Повара сбились с ног, стараясь приготовить как можно больше различных яств, ведь завтра в замок хлынут не только дворяне, но и окрестные простолюдины, да и из Холлтбурга прибудет немало горожан. Это тот редкий случай, когда в графское поместье можно будет войти всем желающим, даже последнему нищему. Кто же упустит такую чудную возможность полюбопытствовать, как живет владетель здешних земель? А угостить во славу покойного графа полагалось всех пришедших с ним проститься.

Наконец написано было все, что нужно, и Фелис по привычке похвалил сам себя, как делал всегда после должным образом выполненной работы. Можно было отойти ко сну. Его покои находились неподалеку, рядом с кабинетом, чтоб не тратить зря драгоценное время на переходы по нескончаемым коридорам замка.

Он разделся и лег в свою по-холостяцки узкую и жесткую кровать. В соседнем зале большие напольные часы гулко отбили три часа пополуночи, но ему все не спалось, видимо, сказывалось напряжение суетного дня.

Чтоб не тратить время попусту в напрасных усилиях призвать непослушный сон, он решил заняться приятным делом. Не одеваясь, накинул теплый халат, крепко затянул пояс на чуть заметном животике и направился по пустынным коридорам в южную башню. Здесь была установлена прельстившая его раз и навсегда оптическая труба, позволявшая наблюдать за таинственно мерцающими звездами. Труба принадлежала графу, но тот не возражал, если его помощник время от времени пялился в ночное небо.

В этот раз небо было затянуто темными тучами, не пропускающими свет звезд, и Фелис, сидя возле узкой бойницы, сосредоточено разглядывал в трубу темный горизонт, усыпанный едва видимыми светлыми пятнами, похожими на огни Холлтбурга.

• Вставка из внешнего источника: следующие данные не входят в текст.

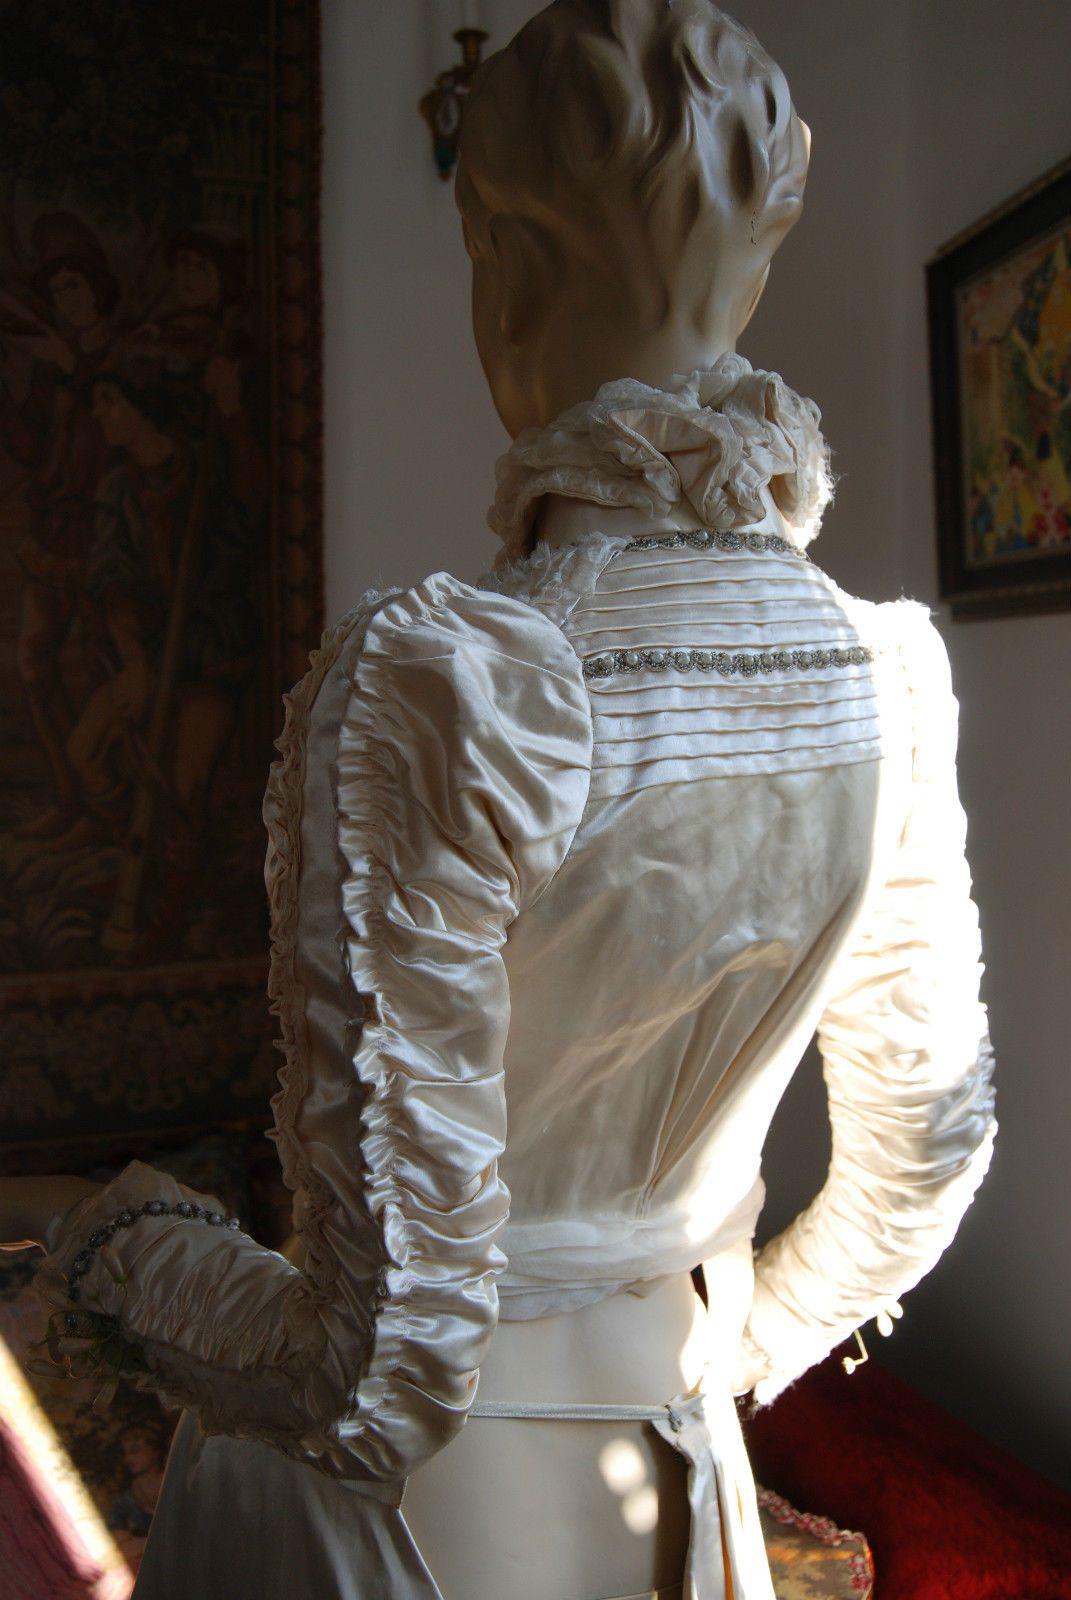 Antique handmade silk satin wedding gown dress with tiara detail

Краем глаза заметил внизу в свете горевшего фонаря мелькнувшую странную длинную тень. Он не сразу понял, что случилось, и некоторое время продолжал по инерции рассматривать город. Но потом спохватился, заинтересовавшись, кто это бродит по парку в такое позднее время, опустил трубу пониже и подкрутил окуляр, делая изображение четче. Маленькое пятно, привлекшее его внимание, превратилось в графа Холлта в одной черной шелковой рубашке, поблескивавшей в тусклом свете пробившейся сквозь облака луны.

Заинтригованный секретарь перевел прибор на того, кто шагал рядом с ним. И выругался сквозь зубы. Это была незнакомая женщина! Женщина, на плечи которой был накинут графский дублет!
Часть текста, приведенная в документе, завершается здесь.